TIF’s EXECUTIVE DIRECTOR | Patient Blood Management Should Not Be Overlooked In EU’s Blood Revision

Public blood management could be a way to address blood shortages as only a third of world patients receive enough transfusions, according to ΤIF’s Executive Director, Dr. Androulla Eleftheriou, who also expressed concern that the forthcoming revision of the EU legislation on the topic will not properly address the issue. Dr. Eleftheriou spoke to EURACTIV’s health reporter, Giedrė Peseckytė, on World Blood Donor Day on 14 June.


**Reposting from Euractiv’s website.

How important are blood transfusions for thalassemia patients?

Blood transfusion therapy constitutes the cornerstone of managing these patients, who, in the absence of management, develop multi-order severe complications that lead to early immature death. Therefore, lifelong transfusion of retinal cells is the cornerstone and the major pillar of managing these patients to keep them alive, surviving, and improving their quality of life.

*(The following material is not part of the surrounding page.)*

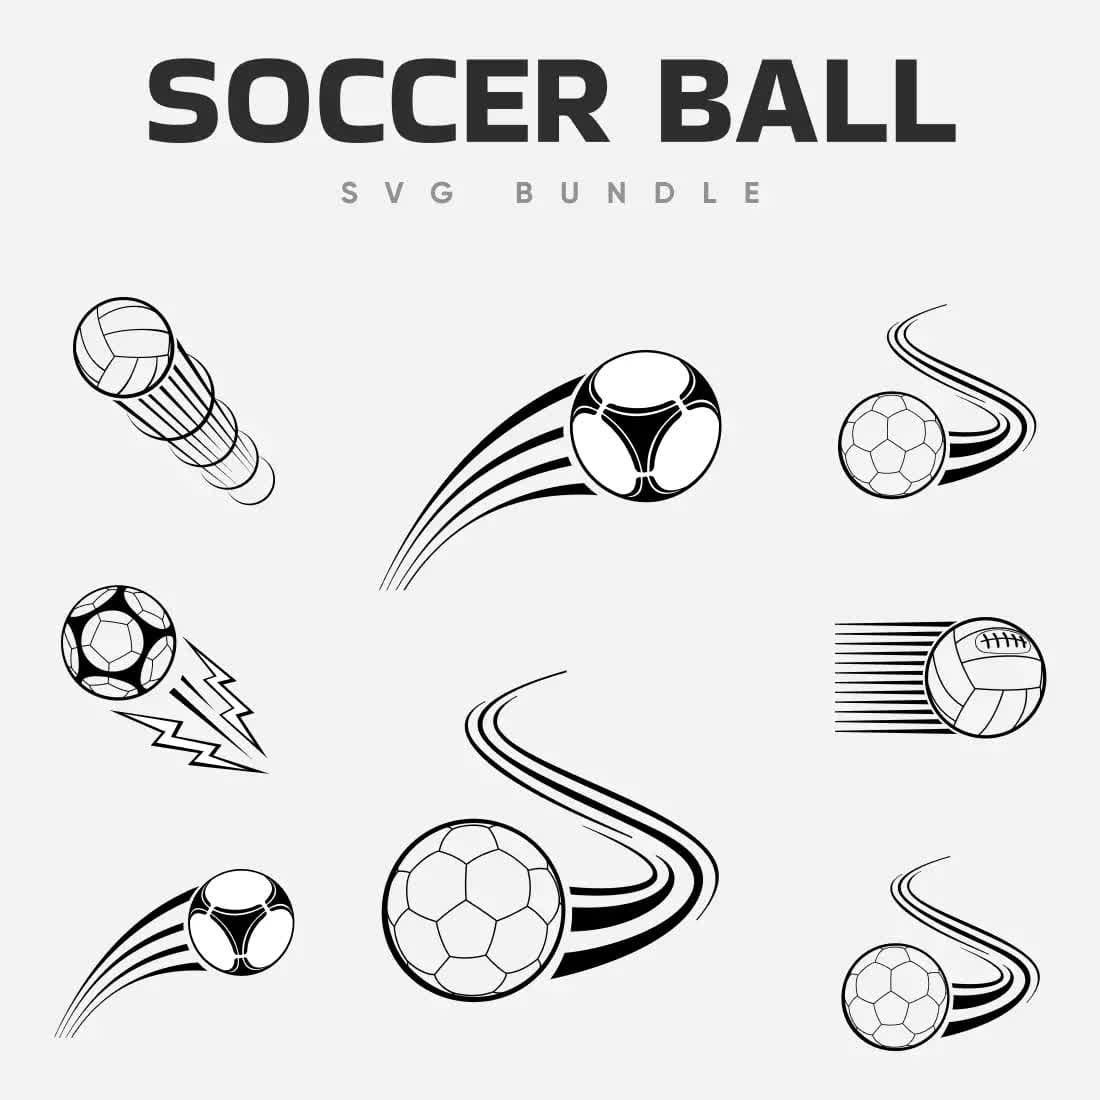 Soccer Ball SVG Bundle Preview 1.

In addition, a number of other medical protocols and treatments are required. 

As blood transfusion is needed throughout life, do all thalassemia patients get the blood they need in the EU and globally?

We have evidence to demonstrate that less than 30% of the global patient population is actually receiving an adequate amount of blood. And this is a major problem across the world. There are huge challenges in effectively addressing blood transfusion therapy, which is the cornerstone of this management. 

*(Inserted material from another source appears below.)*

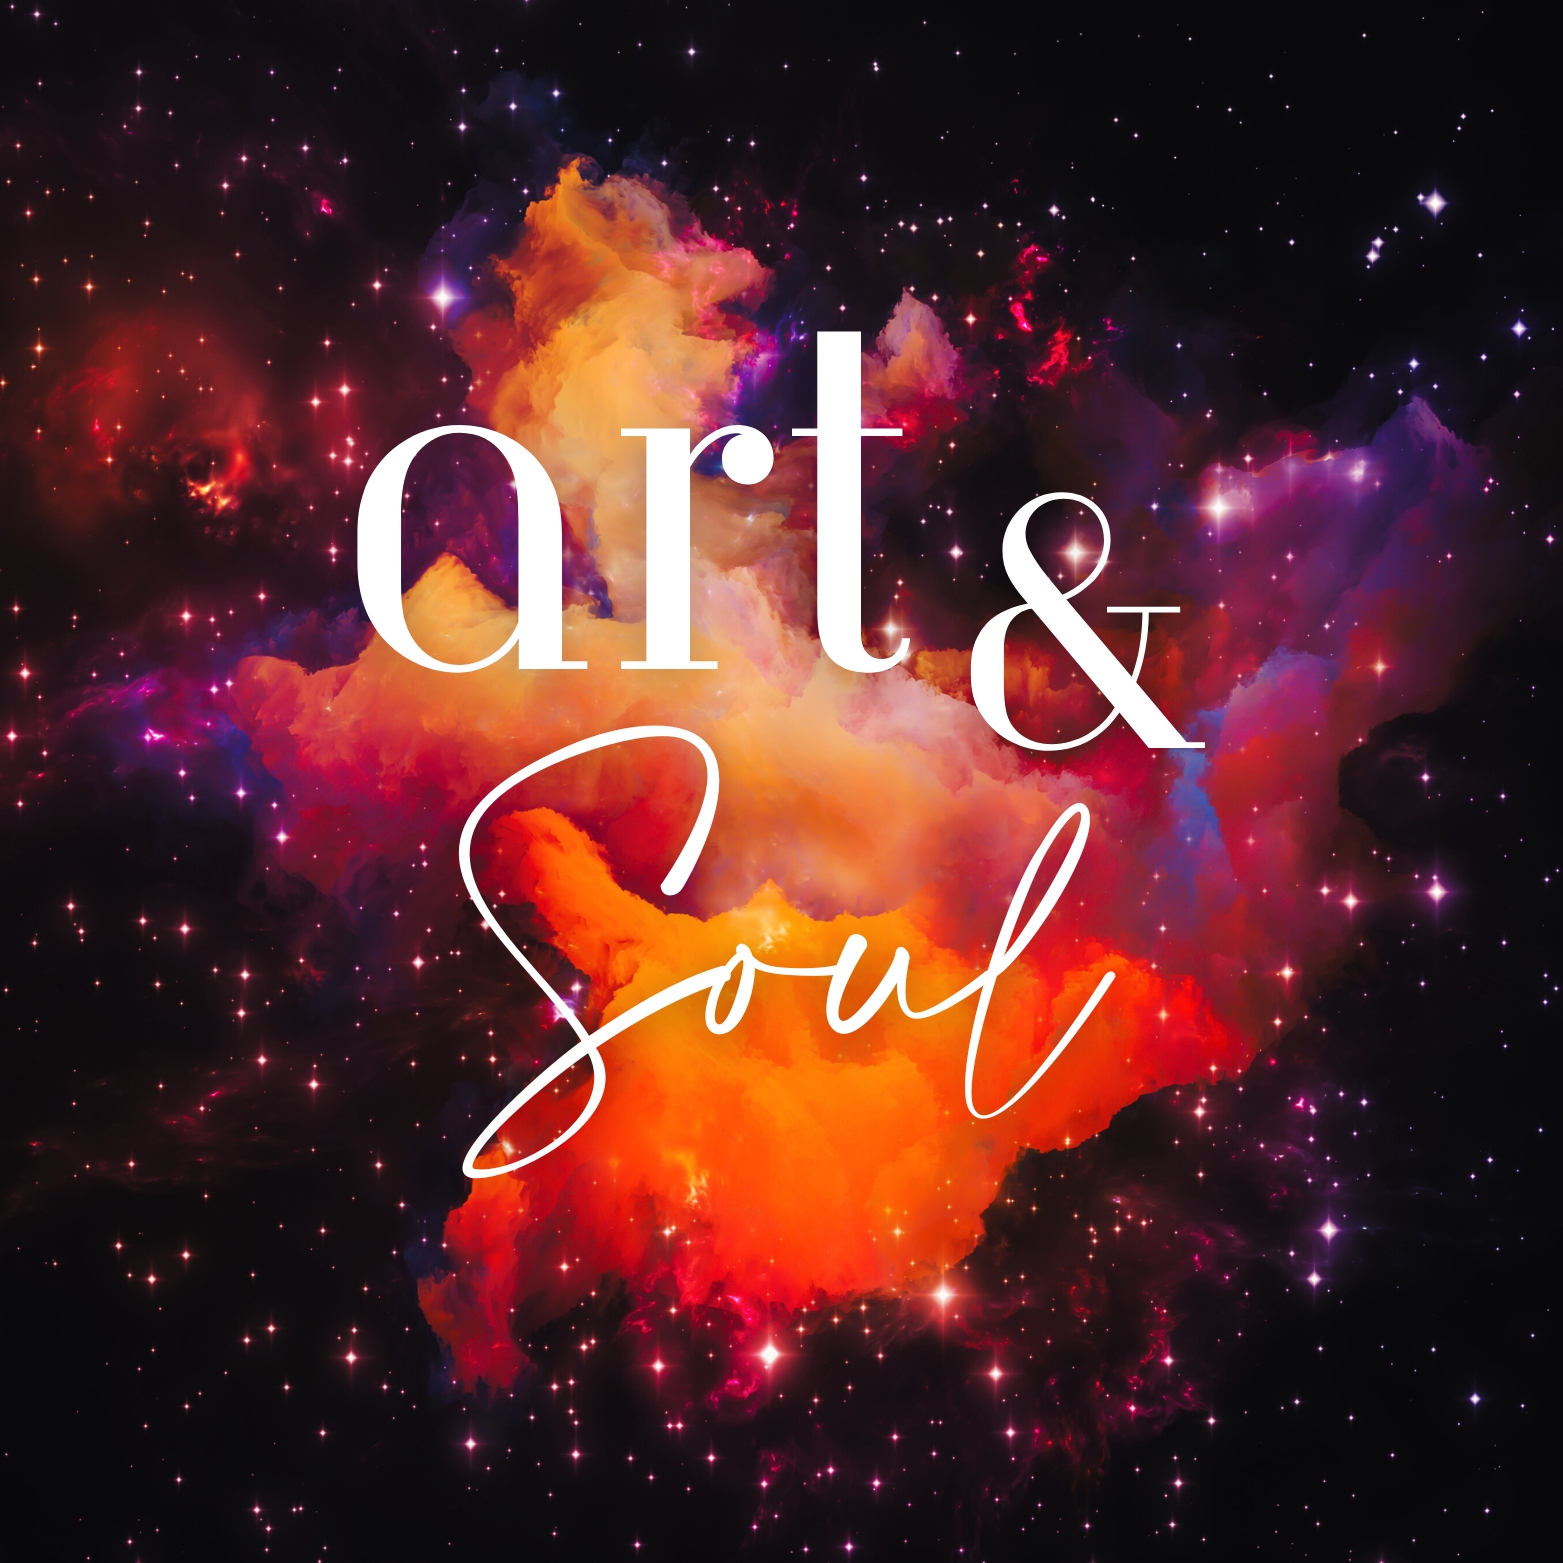 Art & Soul

What could be done to address this issue?

For us, it’s promoting tools and methodologies which would reduce the unnecessary use of blood in other conditions. For example, in anaemia and bleeding disorders, doctors and healthcare professionals could focus on improving the medical conditions before even considering providing blood transfusion. That indirectly benefits our patients because blood is being saved for these patients that cannot rely on saving blood. Our patients live on blood. They are lifelong dependent on regular monthly blood transfusions to combat severe anaemia.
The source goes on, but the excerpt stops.